An accurate assessment of the relative efficacy of alendronate vs. risedronate must await head-to-head comparisons in controlled trials. Nevertheless, the confidence intervals around the
alendronate pooled estimates for risk reduction for vertebral fractures suggest that the
risk reduction is unlikely to be less than one-third while, for risedronate, the risk reduction
is unlikely to be less than one-quarter.25 While the evidence for antifracture efficacy is
strong, it is not yet known how long patients should be treated with these and other
antiresorptive therapies.
Recombinant Parathyroid Hormone
Human recombinant 1,34 N-terminal parathyroid hormone (PTH) is a potent stimulator
of bone formation and resorption and, depending on its administration route (continuous
IV or daily subcutaneous injections), it can increase or decrease bone mass.26 Neer et al
conducted a randomized controlled study of PTH to determine its effects on fracture risk
in postmenopausal women with prior vertebral fractures.26 They randomly assigned
1637 women to receive subcutaneous PTH 20 µg/day (n=541), 40 µg/day (n=552), or
placebo (n=544). The study employed PTH 1,34, which includes the hormone's first 34
amino acids; these are primarily responsible for its biologic effects. Vertebral radiographs
were obtained at baseline and at the end of the study (median duration: 21 months). At
baseline, BMD was similar among the three groups. The period from enrollment to final
visit did not differ significantly among the three groups.

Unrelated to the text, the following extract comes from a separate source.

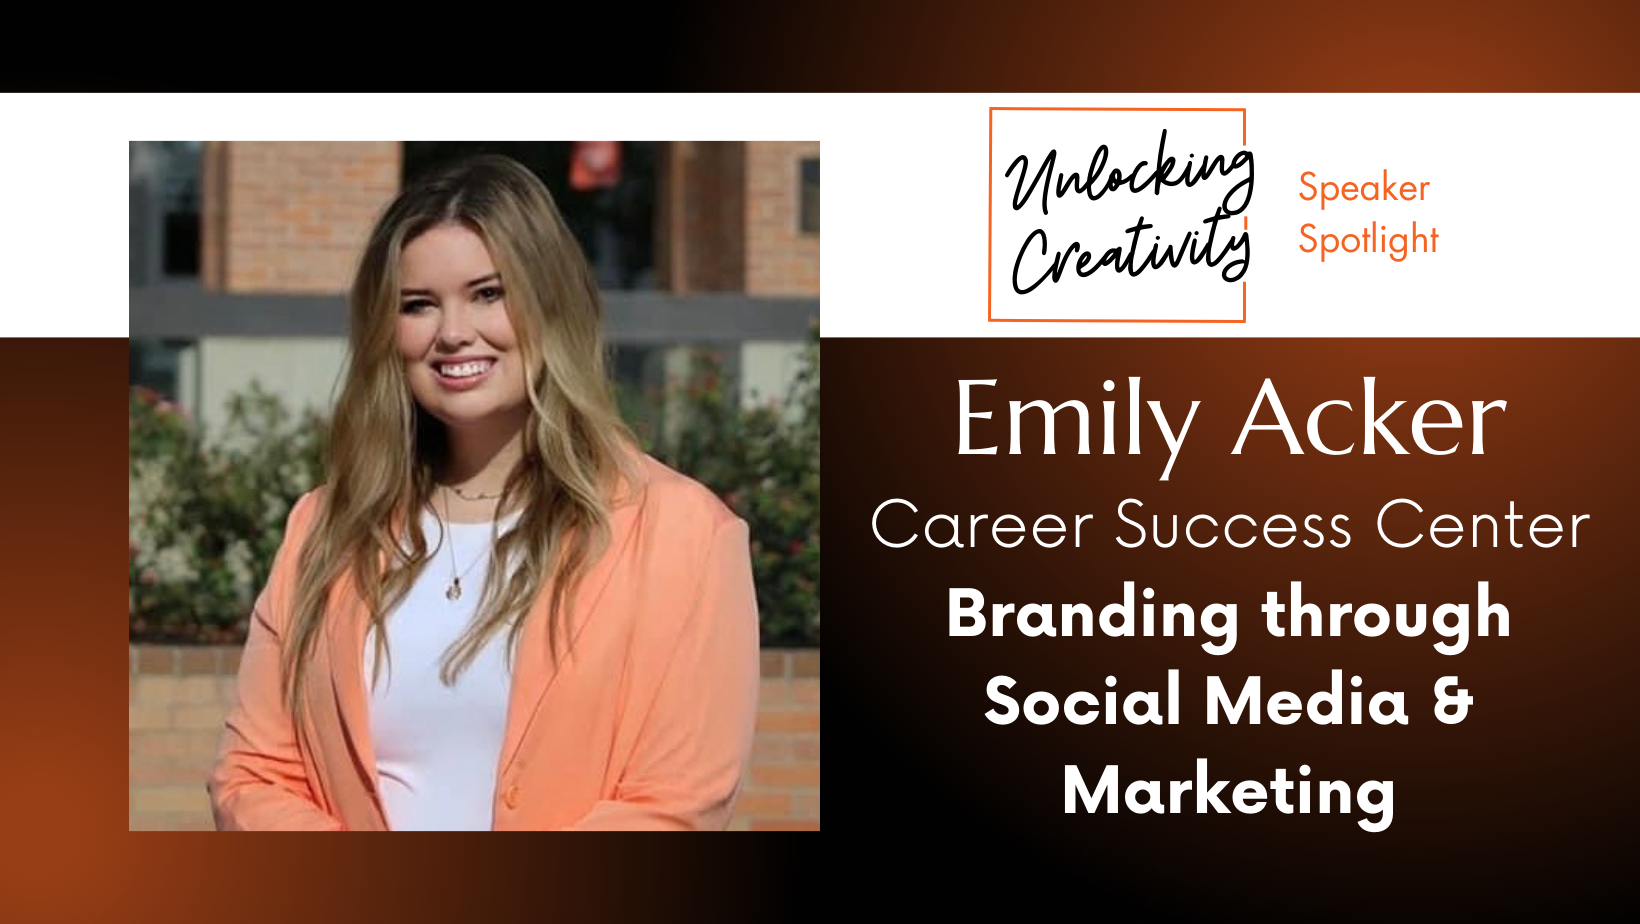 Emily Acker, Branding through Social Media & Marketing

Of the 1326 women for whom radiographs were available, 105 had one or more new
vertebral fractures. Compared with placebo, PTH 20 µg and 40 µg reduced the risk of one
or more new vertebral fractures by 65% and 69%, respectively, while the risk of two or
more new vertebral fractures was reduced by 77% and 86%, respectively (Figure 3).

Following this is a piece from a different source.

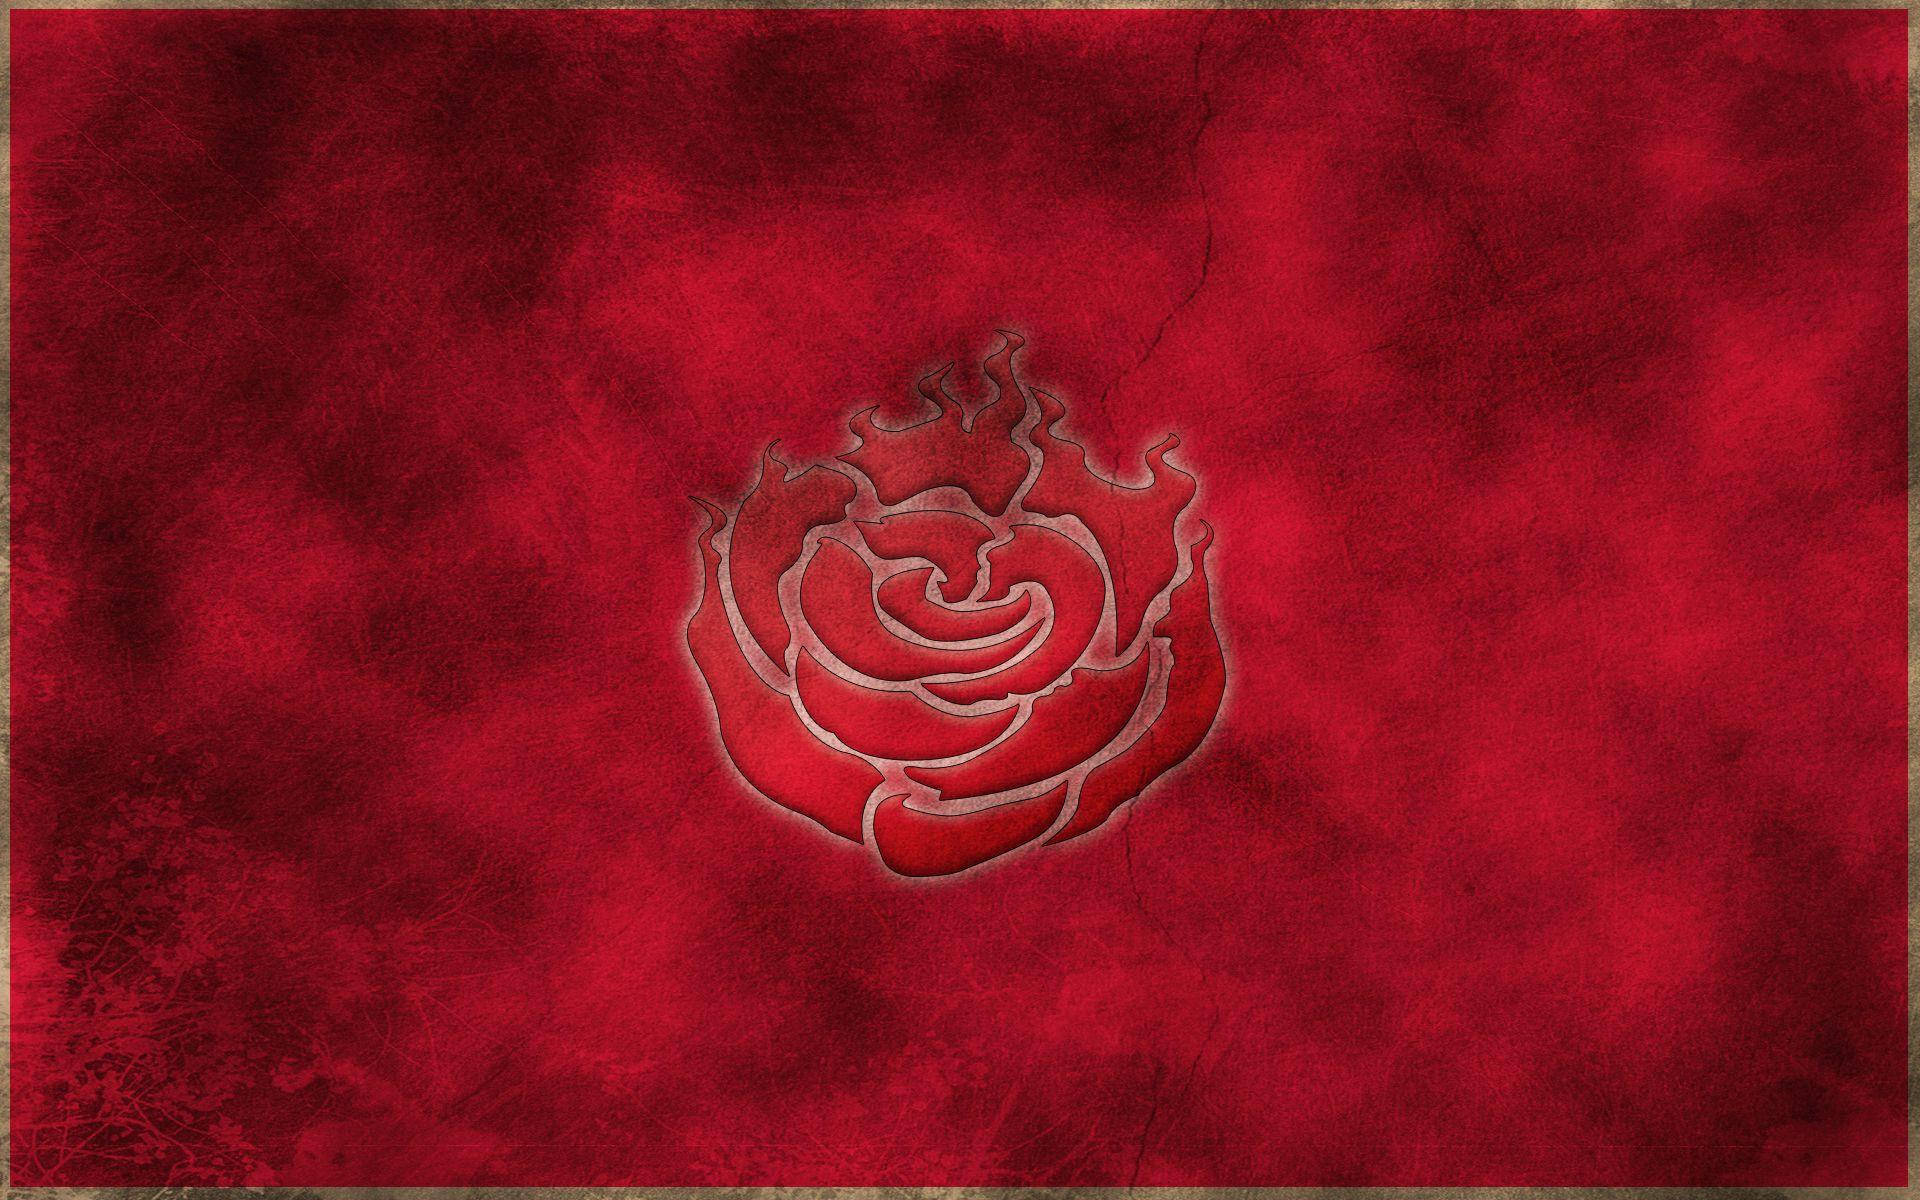 Anime Symbols Rwby Ruby Rose Emblem Red Aesthetic Background

New or worsening back pain was reported by 23% of women in the placebo group and
17% and 16% of those in the 20-µg and 40-µg groups, respectively (p=0.007).
Nonvertebral fragility fractures were reduced by 53% and 54%, respectively. Treatment
with PTH also produced significant, dose-dependent increases in the BMD of the spine
and hip, as well as total-body bone mineral.
A total of 32 women in the placebo group (6%), 35 in the 20-µg group (6%), and 59 in the
40-µg group (11%) withdrew from the study because of adverse events. Nausea and
headache occurred significantly more frequently in the group taking 40 µg of PTH than with
placebo. Although preclinical studies showed a higher incidence of osteosarcoma in Fisher
rats receiving PTH, there were no cases of osteosarcoma in this study.
This study demonstrated that recombinant PTH has a potent effect on bone mass and strength
and appears to be effective in preventing fractures in postmenopausal women, although it
wasn't powered to detect reductions in hip fractures. PTH recently received FDA approval for
the treatment for osteoporosis. However, questions remain about its therapeutic niche. Given
its route of administration as a daily subcutaneous injection and its considerable cost, PTH at
this time is seen as a second-line therapy for patients with severe osteoporosis who fail on or
cannot tolerate bisphosphonates. Preliminary studies indicate greatest efficacy when used
without other antiresorptives. However, further studies are needed to address this isue, as well
as the optimal duration of treatment.
Conclusions
Table 4 is an estimate of the relative efficacy of available agents in reducing vertebral and nonvertebral
fractures based on the meta-analysis of controlled studies by Cranney et al.25 The
authors caution that, for a variety of reasons, direct comparisons between trials are unreliable.
They also note that confidence intervals around the magnitude of treatment effect sometimes
overlap, so that apparent differences in the point estimates may not reliably reflect actual differences
in treatment effect. The quality of the available data appears strongest for alendronate,
risedronate and, to a lesser degree, for vitamin D. Results for these agents tend to be
consistent from one study to the next.25
Thus, while there are a number of factors besides efficacy that affect the choice of an agent to
prevent or treat osteoporosis, the weight of the evidence clearly justifies the current role of
bisphosphonates as first-line therapy.